Memorial Day – This Year for Everyone
Today is Memorial Day in the United States, a solemn time of commemorating all of the U.S. military personnel who have died in any war since the Revolutionary War: 1,354,664 to date. (666,441 from combat; 673,929 from other causes.)
Yesterday Yo-Yo Ma played all six Bach cello suites on PBS as a memorial service to the people who have died of COVID-19, 94,629 in the United States to date, 328,000 in the world as of May 21, 2020.
1/7 as many Americans have died of COVID-19 in the last three months as have died in 245 years of U.S. history.
My friend Edward Lewis moved to Thailand five years ago, and emailed me this message five days ago:
“California has confirmed 3219 COVID-19 related deaths.
Thailand, with twice the population (70+ million) has 56. Yes 56. The hospitals have a minimum # of patients. Less than 200.
Shutting down all air traffic, curfews, banning alcohol sales, closing non-essential businesses and many other life-saving restrictions have made this possible.

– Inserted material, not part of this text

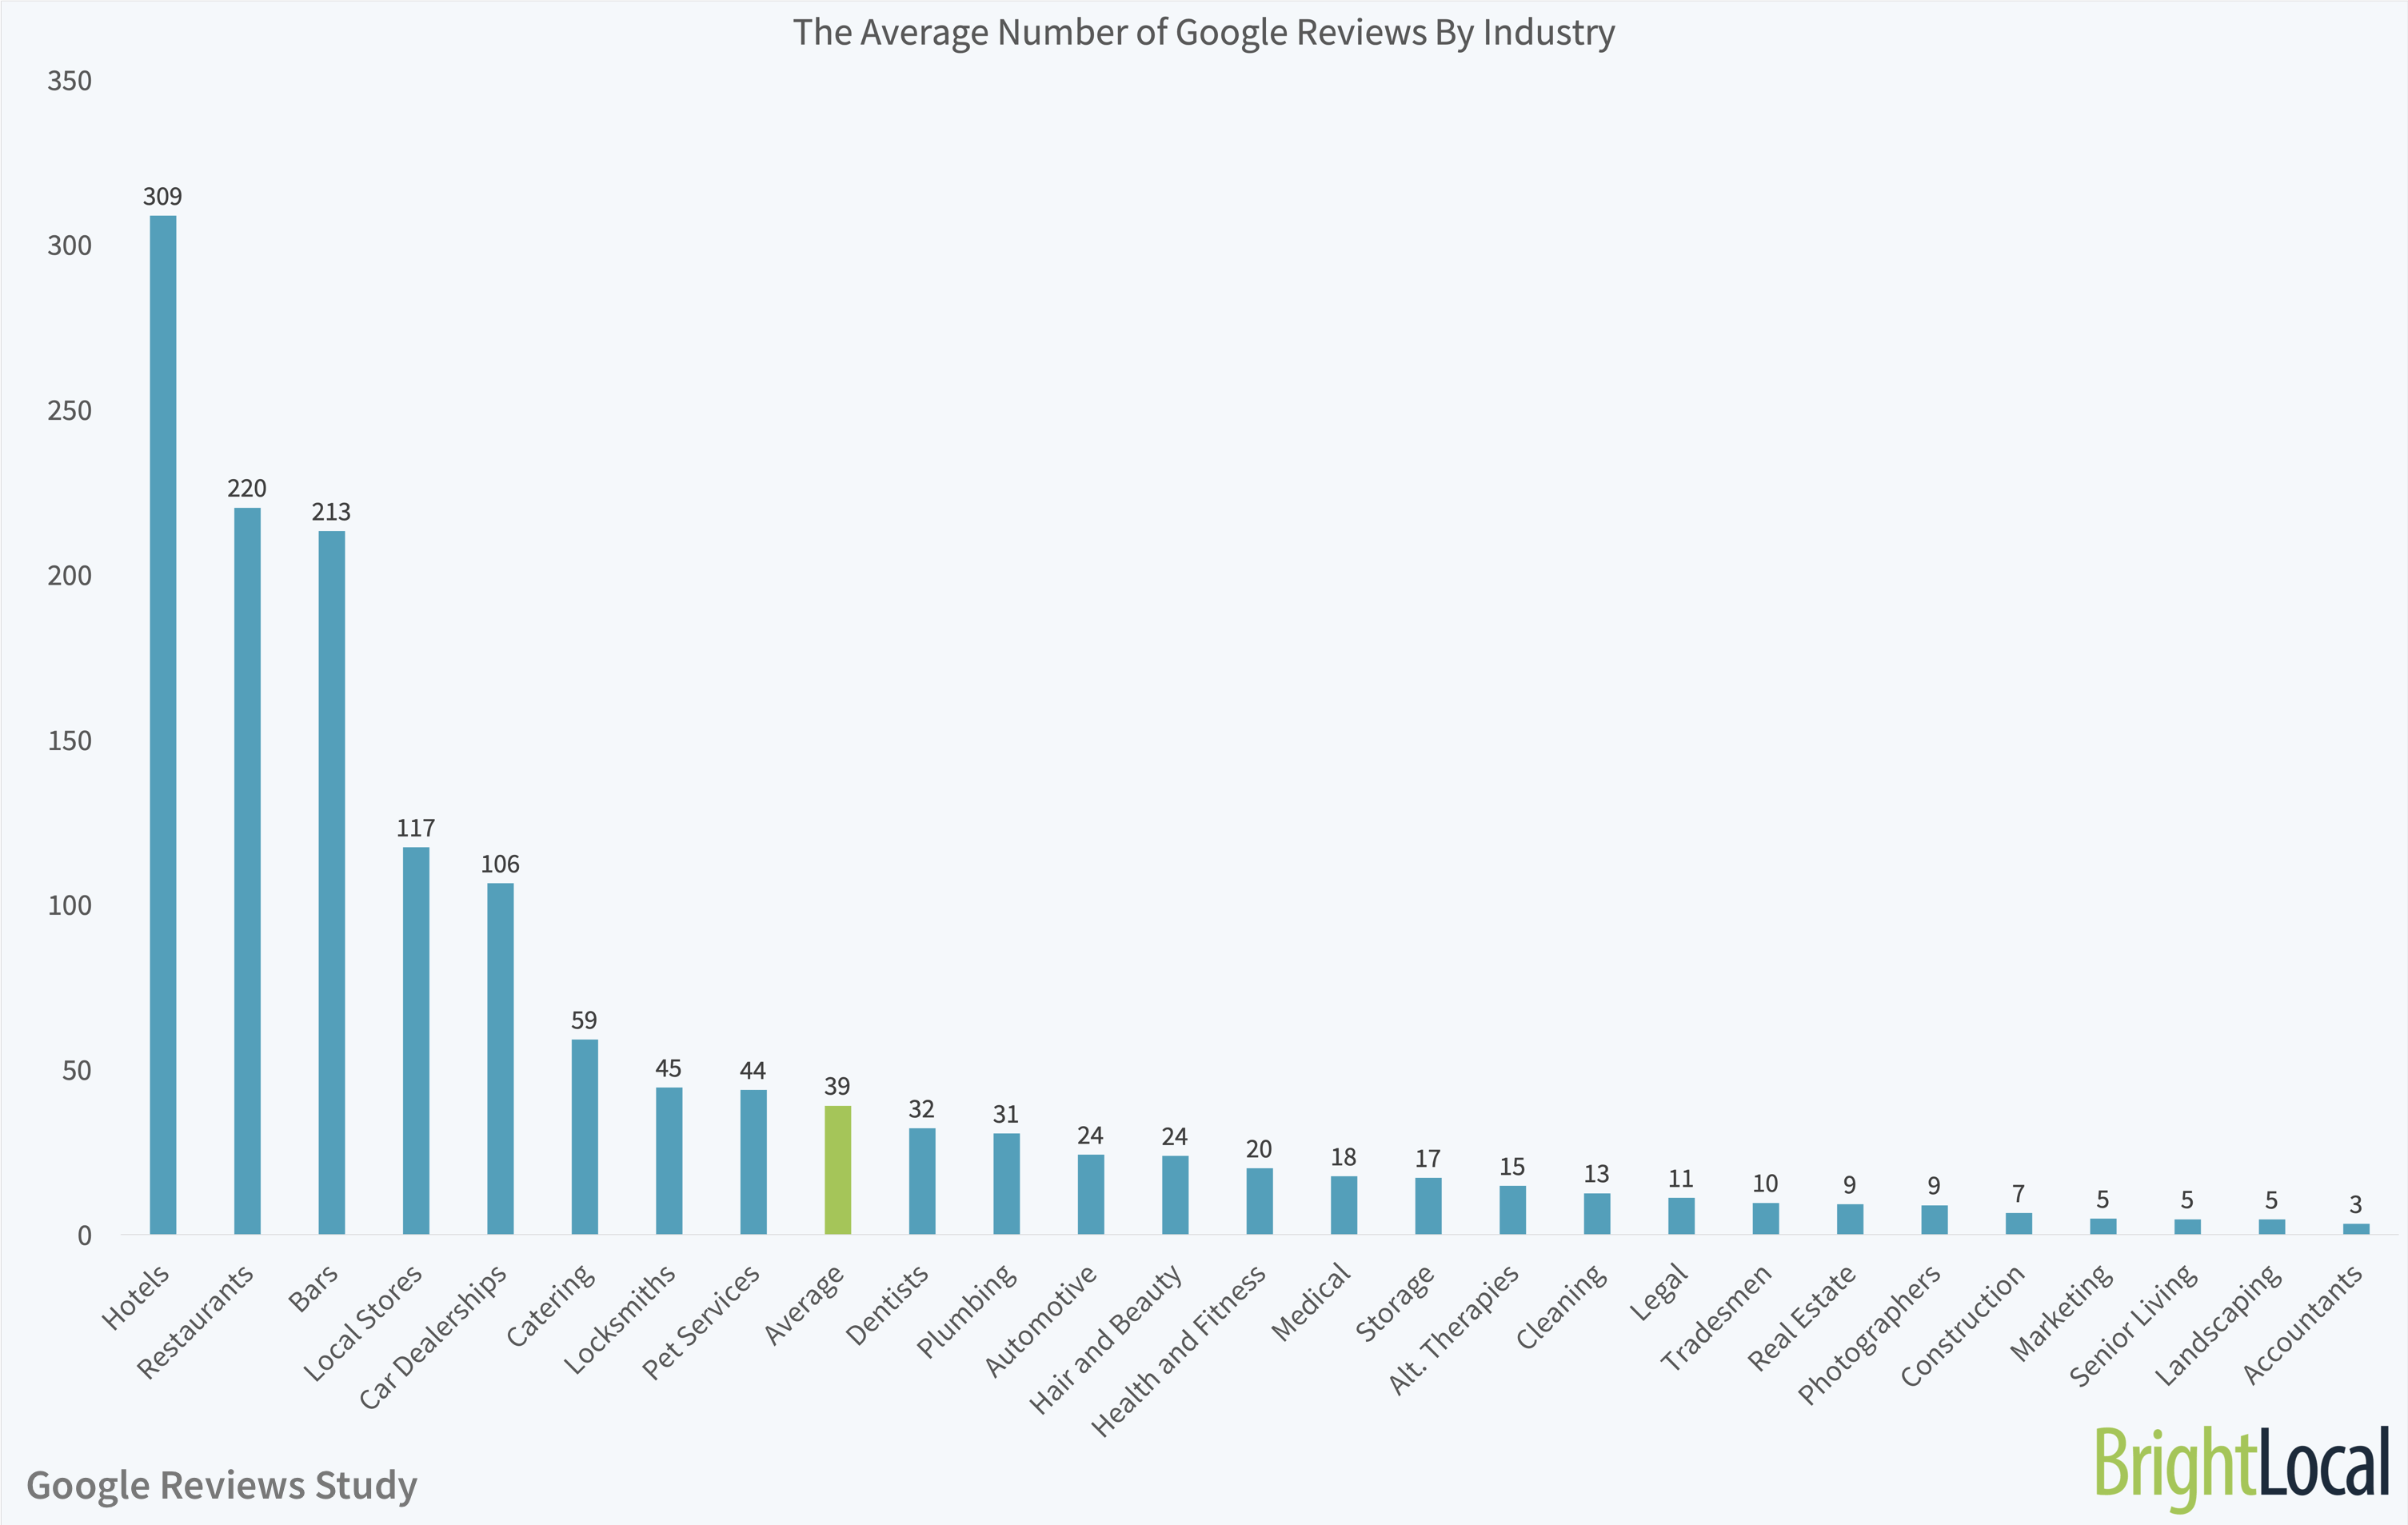 avg number of google reviews by industry

I have yet to see someone w/o a mask. Indoors or outdoors. Additionally, if I wish to enter the market must use the Purell offered and have my temperature taken by an infra-red thermometer a few feet away.”
And then the hard take-away:
“I liken people who scream their rights have been taken away to someone who decides to jump off a bridge, then in the process grabs the hands of two nearby strangers and pulls them along as well.”
The sacrifice of the individual for the common good or the preservation of the country, for the common good or preservation of fellow human beings, is a deeply existential dilemma, and an ancient one throughout human history.
As government officials begin to experiment with easing the restrictions on sheltering in place in California and other areas of the United States, I’m reminded of what a friend shared with me recently from Spock in Star Trek, “The needs of the many outweigh the needs of the few.” And Kirk added, “…and the one.”
Each of us will make our own decisions today, how to honor those who have died in military service, how to honor those who have died battling a ravaging disease. And how to honor/protect those still living, still grieving, still sharing our common space and our common existential dilemmas.